O caso Ford no RS: a verdade está sendo resgatada
Arte: Pedro Alice
Arte: Pedro Alice
Já se passaram dez anos dessa ocorrência, que acabou por deflagrar uma contenda judicial na qual o governo (Olívio Dutra), na defesa do interesse público, exigiu que a montadora cumprisse a sua parte no vantajoso acordo realizado no governo anterior (Antônio Britto). Há pouco tempo, a Justiça prolatou sentença, ainda sujeita a recurso, na qual condenou a Ford a ressarcir o Estado por valores recebidos antecipadamente.
Queremos tratar agora de outro aspecto envolvendo o mesmo tema. Trata-se da situação dessa corporação na época em que negociou com o governo do RS o contrato que depois não cumpriu.

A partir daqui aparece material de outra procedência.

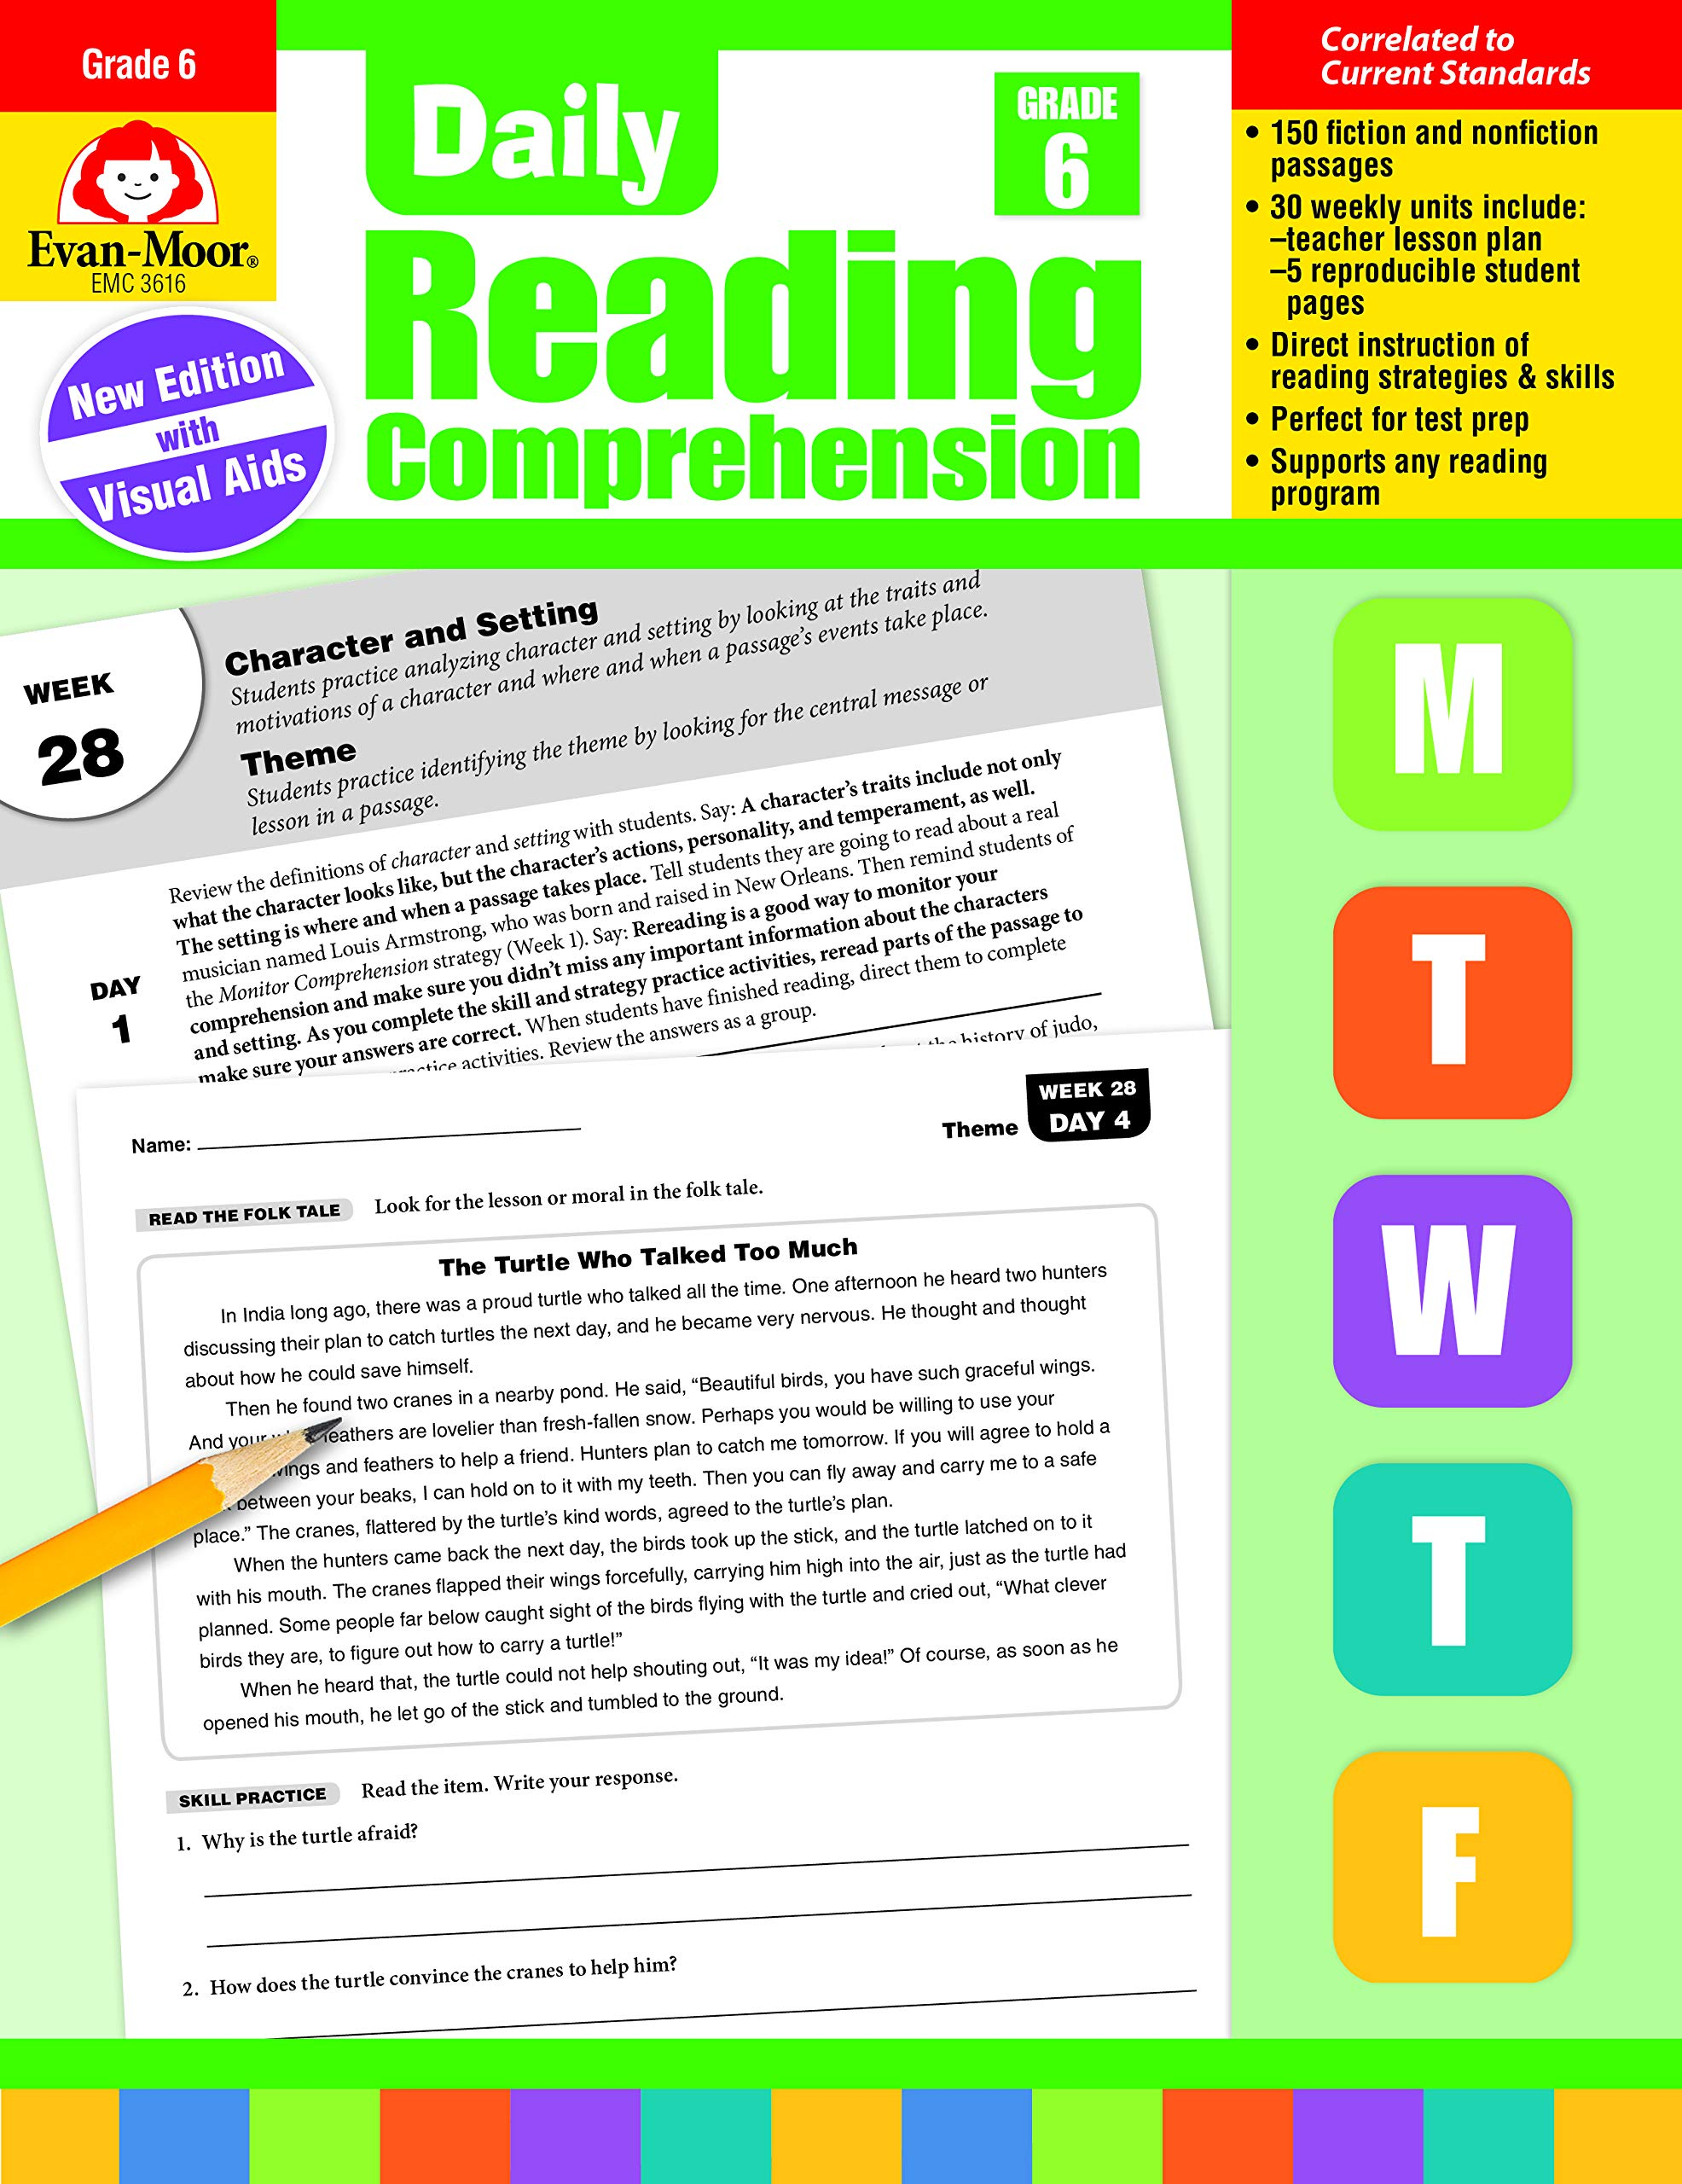 - Amazon.com: Evan-Moor Daily Reading Comprehension, Grade 6

A Ford era uma empresa decadente no Brasil desde a metade dos anos 1980, quando chegou a responder por 17,88% (1986) dos veículos produzidos nesse ano, desempenho que se manteve cadente até 2001, quando atingiu modestos 6,51%. Se considerarmos apenas a produção de automóveis, sua participação caiu de 17,02% para 5,17% no mesmo período.
Na verdade, a Ford mundial enfrentava grandes dificuldades. Segundo Bill Ford (Valor, 8-4-02, p. B2), apenas a subsidiária europeia havia superado os prejuízos, obtendo modestos lucros em 1992. O restante da corporação amargava perdas de mercado, prejuízos bilionários em dólares e queda na confiança. Portanto, tratava-se de uma empresa “doente”. Para comprovar, basta ver o teor de alguma das manchetes do The Wall Street Journal Americas da época: “Na derrocada da Ford, uma série de erros estratégicos difíceis de corrigir” ou “Ford deixa Wall Street cética”.
A solução formulada pelo board da Ford teria que vir da América Latina. No caso do Brasil, foi projetada uma planta com escala de 100 mil veículos/ano. Com esse projeto, a Ford aproveitou o leilão proporcionado pela guerra fiscal e o generoso esquema de concessões resultante e bateu o martelo.
Todavia, os policy makers da época, inteiramente seduzidos pelo projeto, não perceberam a precária situação da empresa que estavam financiando. Da mesma forma, deixaram de considerar o fato de que a abertura do mercado em 1990 introduzira novos produtores no país, ávidos para aproveitarem o ambiente favorável aos negócios aqui vigentes, acirrando a concorrência no oligopólio automotivo.
Mesmo fragilizada, a Ford percebeu que deveria ser mais agressiva em sua estratégia de atuação, obrigando-se a mudar a escala do projeto e concebendo uma planta com capacidade para produzir 250 mil veículos/ano, mais do que o dobro daquela imaginada para o Rio Grande do Sul.
Para tanto, precisava de mais benesses, de mais vantagens, na verdade, de mais dinheiro público. Provavelmente, avaliando que seria impossível obter tudo o que pretendia no RS, onde já havia, inclusive, desviado parte do adiantamento dos recursos obtidos para outras unidades fora do estado, articulou-se com os governos federal e estadual da Bahia para alcançar o seu intento. Conseguiu tudo o que precisava.
A parceria União Federal/Bahia assegurou a mobilização dos fundos públicos que foram decisivos na implantação do novo projeto naquele estado. Com todo esse oxigênio, a Ford passou a respirar aliviada e ingressou em uma fase de recuperação, superando relativamente a profunda crise atravessada desde os anos 1990, quando dissolveu o infeliz casamento com a Volkswagen (Autolatina).
Sobre o projeto na Bahia, cabe registrar duas manifestações de homens importantes na corporação. Bill Ford declarou ao Financial Times Chicago, reproduzido no Valor em 28-10-02, p. B5: “ Se nosso plano falhar, não teremos outro”. Nick Scheele (CEO da Ford), na mesma linha, afirmou ao Valor (3, 4 e 5/5/02, p. B 7): “Essa fábrica é a nossa última chance”. Essas declarações revelam que, de fato, a empresa havia atingido uma situação de quase insustentabilidade. Espera-se que esse exemplo, mais do que emblemático, tenha representado uma grande lição aos que lidam com o interesse público em nosso estado.